DS検定 用語解説
片側検定とは
母数が基準より大きい、または小さいという一方向の差を調べる検定。
まず押さえる結論
片側検定は、DS検定の「第4章 統計・推定・検定」で確認しておきたい用語です。定義だけでなく、どの場面で使う言葉か、何と混同しやすいか、問題文のどの表現で判断するかまで確認します。
情報源と編集区分
公式範囲を確認し、具体例・誤答例・判断手順は当サイトが編集。 一次情報確認日: 2026-07-12。
試験概要(公式)試験での問われ方
定義の言い換え
用語そのものではなく、説明文の一部を言い換えて出されることがあります。
似た概念との比較
同じ章の用語と入れ替えた選択肢に注意します。対象、目的、使う場面を分けます。
具体例からの判断
問題文の事例が、定義のどの部分に対応しているかを先に確認します。
誤答しやすいポイント
×母平均・母分散と標本平均・標本分散(不偏分散)の取り違え。母集団の値と標本から計算した値は別物。

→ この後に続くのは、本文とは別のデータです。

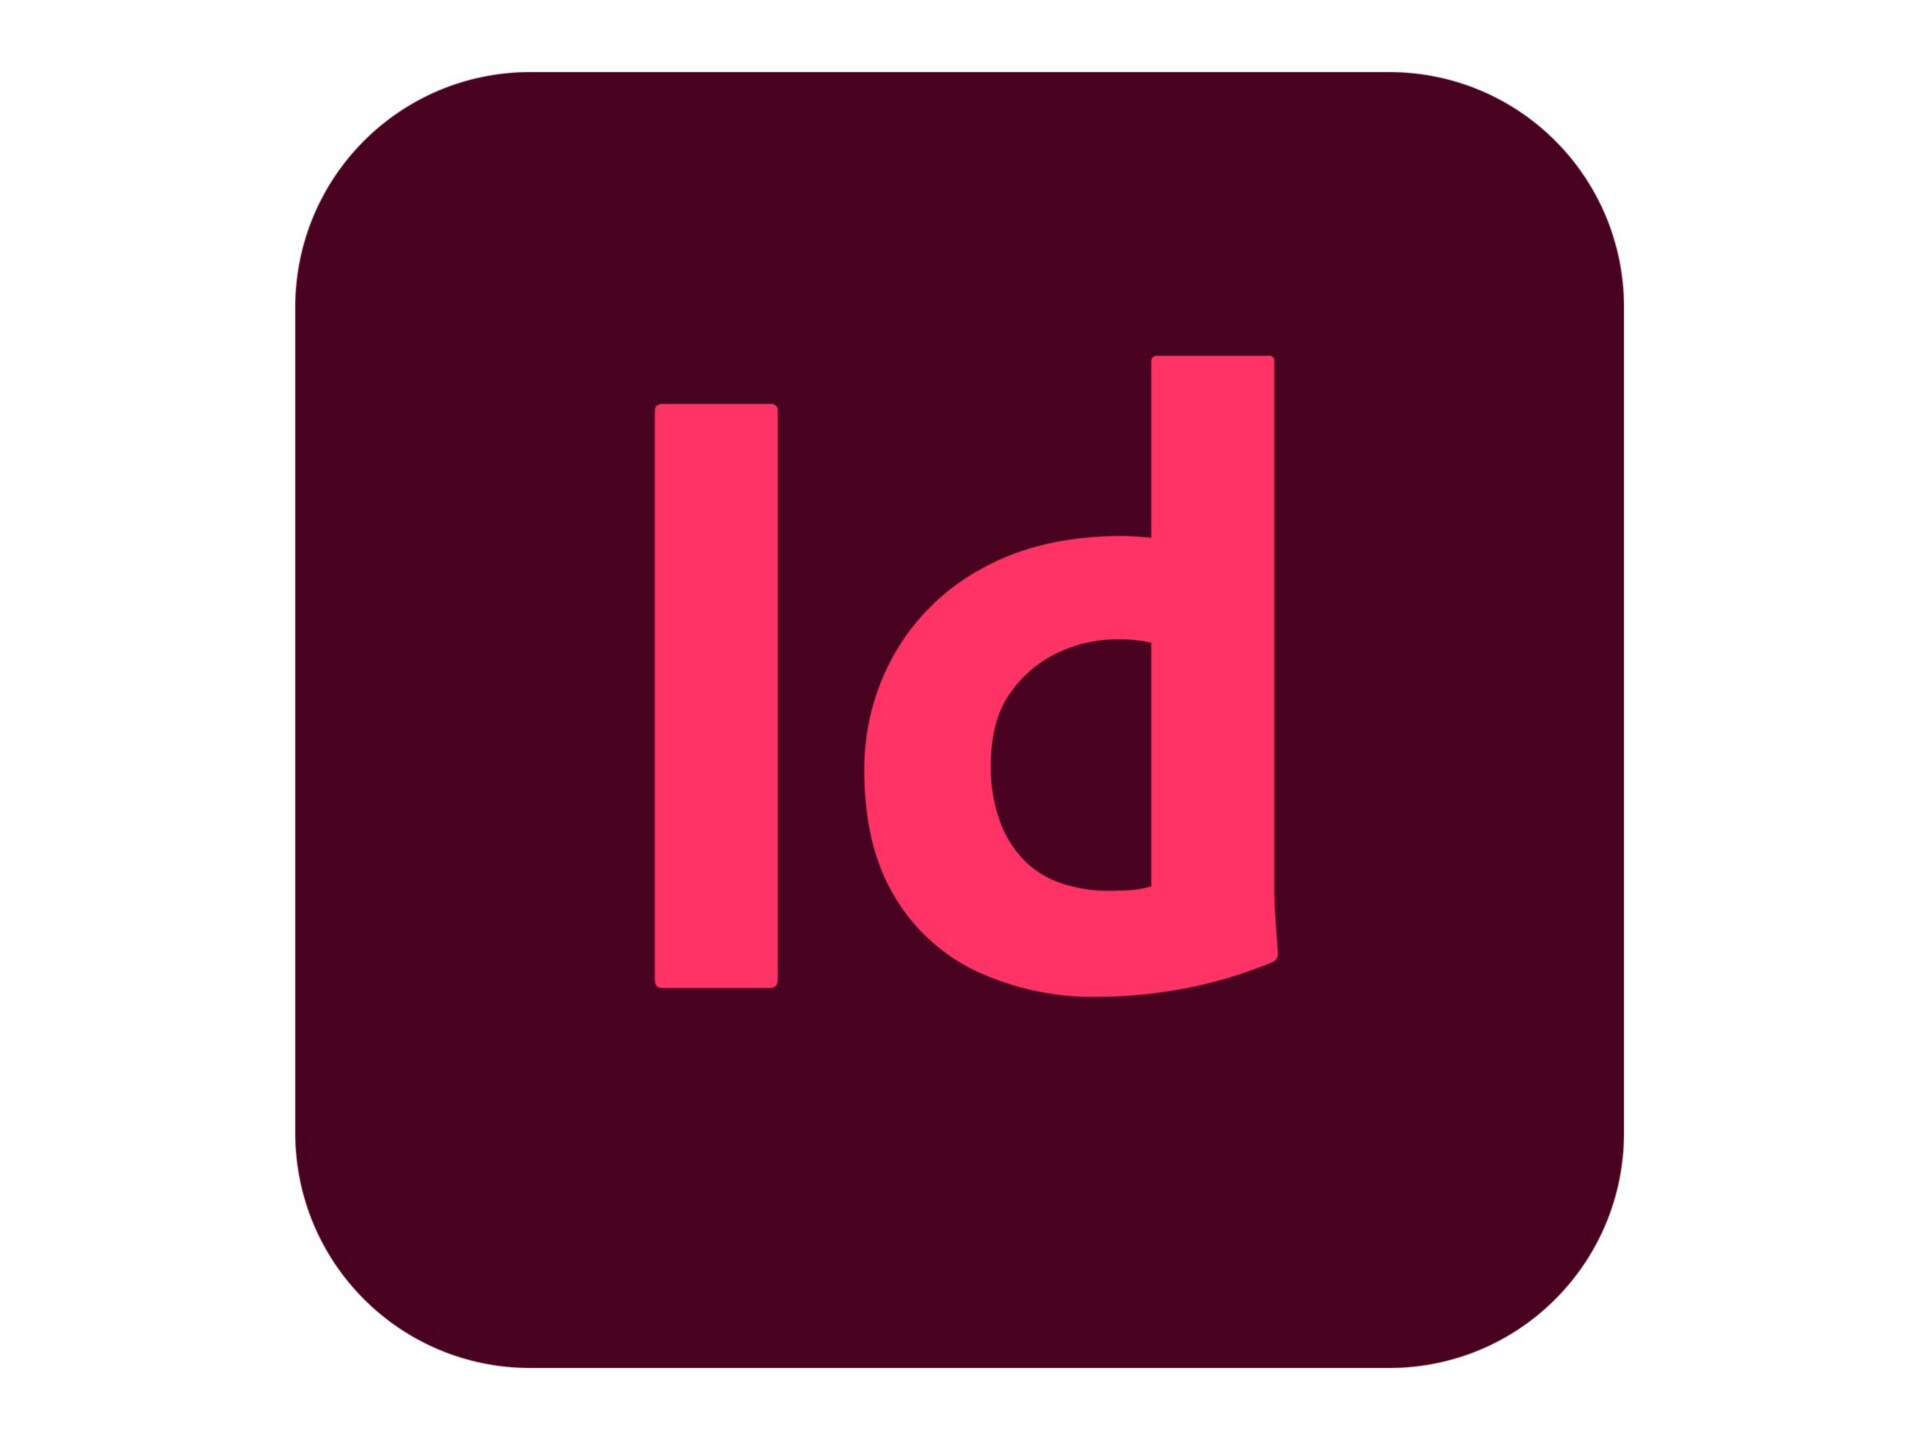 Adobe InDesign CC for Enterprise - Subscription New (29 months) - 1 named u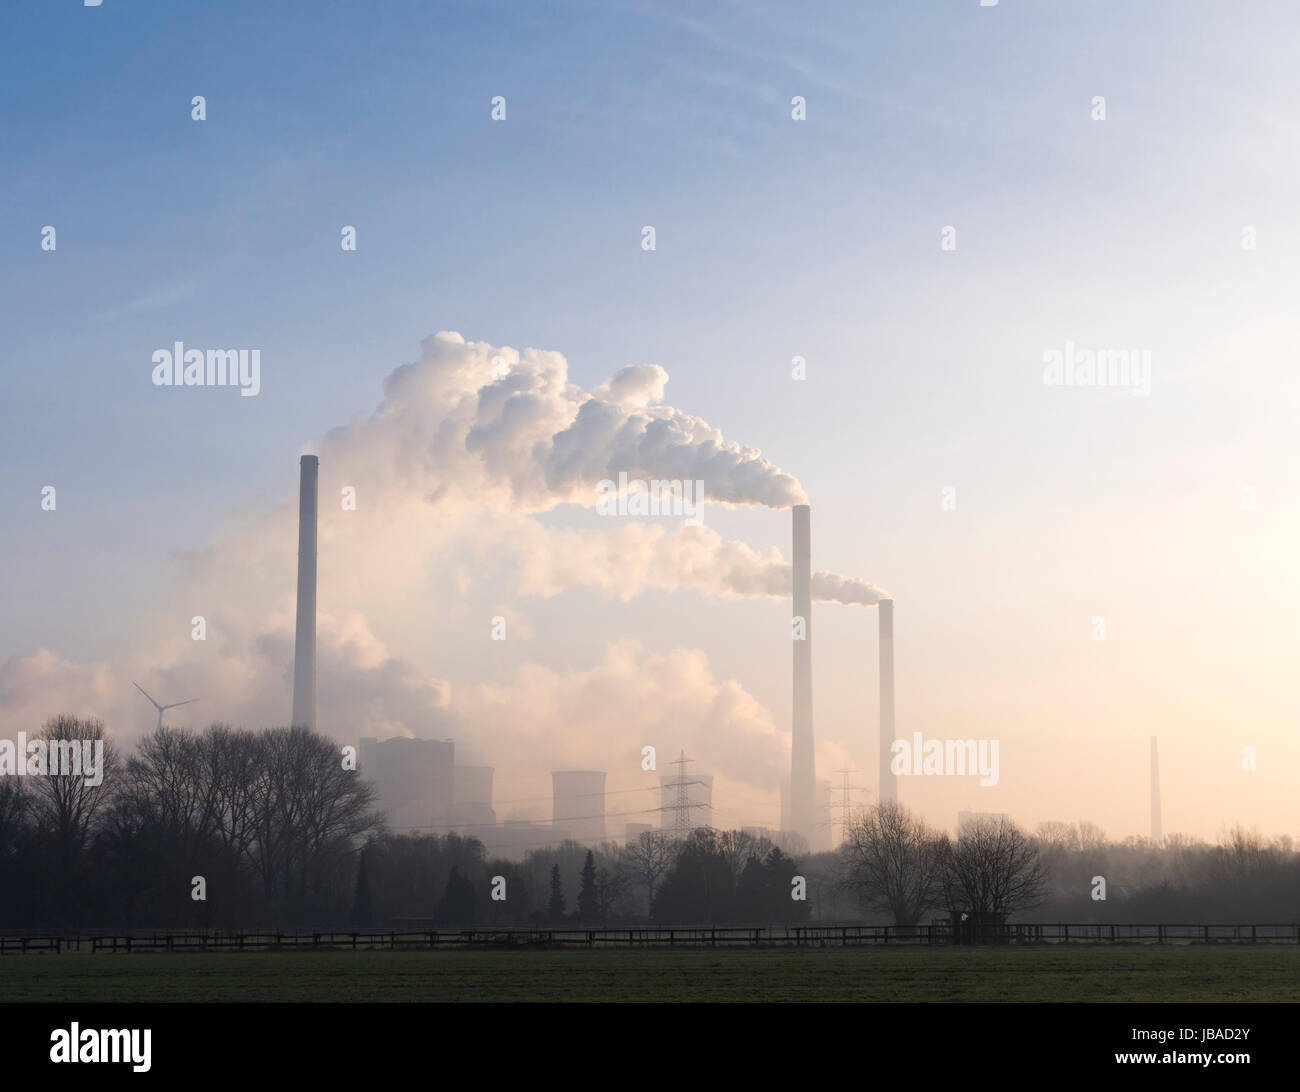 Kraftwerk Scholven ist ein E.ON im Besitz Kohle-Kraftwerk in Gelsenkirchen, Deutschland. Die installierte Leistung von 2300 MW ist es eines der mächtigsten Kohle-Kraftwerke in Europa. Stockfoto

×p値を『帰無仮説が正しい確率』と誤解する。p値は帰無仮説のもとで観測結果以上に極端な結果が得られる確率。
×相関関係と因果関係の混同。ピアソンの相関係数が大きくても因果関係を示すとは限らない。
関連する確認問題
第4章 統計・推定・検定 / 統計数理基礎
誤答除外の観点から次のケースを検討する。広告費と売上に強い相関が見つかった。追加調査前の解釈として最も適切なものはどれか 他の候補が条件を満たさないことも確認して選べ。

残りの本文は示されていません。